山によってはいくつか登山道があり、時間を短縮できるルートもあるのだが、この山はこのロングコースしか記載されていない。一応、鷹ノ巣登山口のほかに中ノ岐登山口というのが地図には載っているのだが、そこへ至る時間等は示されていなかった。調べてみると銀山平にある宿泊施設を利用した人限定でその登山口まで送迎してくれるらしい(以前皇太子殿下が利用したことのあるルートらしく、プリンスルートとも言われている)。ただ、私道?専用道?のためか、一般的には通行止めになっている。

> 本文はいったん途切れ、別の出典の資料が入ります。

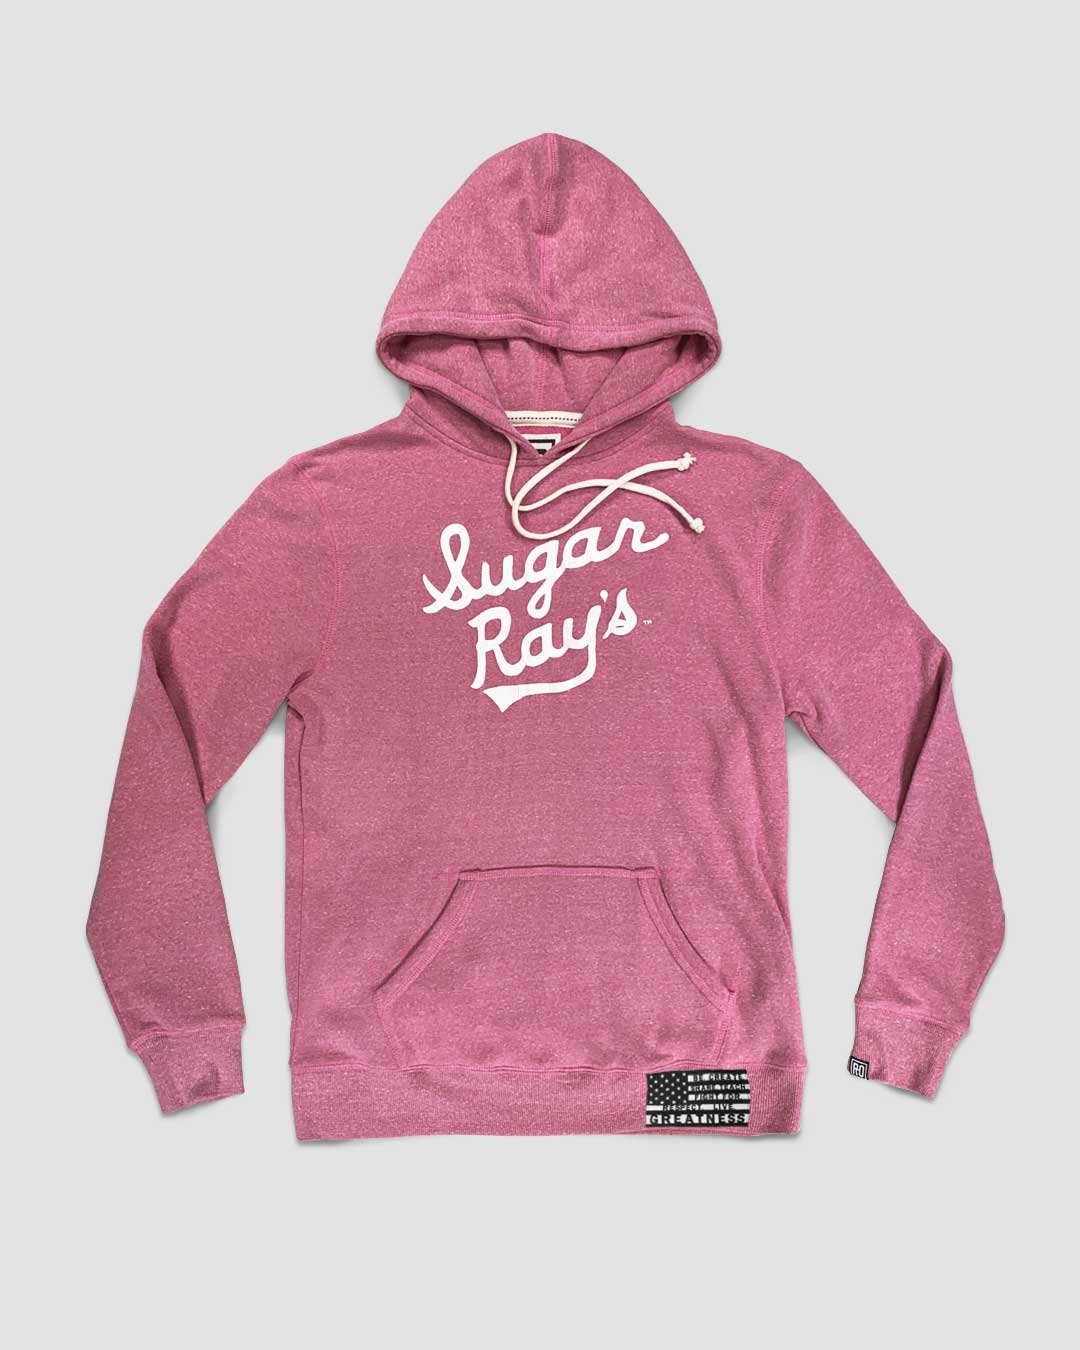 BHT - Sugar Ray Robinson Pullover Hoody - Roots of Fight

でもここから登れば上り4時間、下り3時間とずいぶん時間短縮ができる。
宿泊せずに行く方法はないかとさらに調べてみると自転車で行ったレポがあった。僕らも過去には塩見岳や光岳など登山口まで自転車で行ったことはある。じゃあ、自転車だな、と思ったが今回はちょっと事情が違う。この林道は距離が非常に長い。レポによると高低差500mほどを2時間近くかけて行ったとのこと。自転車で2時間漕いでいくこと自体は問題はないのだが、路面がすべて舗装されていない、自転車が折り畳みの20インチ小径車であることを考えると躊躇されるものだった。反面、下りは30分程度と魅力あるもので悩ましかった。
当初の予定はそれでも自転車で行くつもりで、中ノ岐に至る林道に近い場所で車中泊を考えていたが、会津駒ケ岳から下山後、雨が降り続き、車中泊も厳しい状態になってきた(自転車は車外に置かないと寝れないし、そもそも雨では食事を作ることができない)。
momoと話し合った結果、車中泊はやめて小屋に宿泊することにした。また、自転車による時短ルートもやめて、本来のロングコースを辿ることにした。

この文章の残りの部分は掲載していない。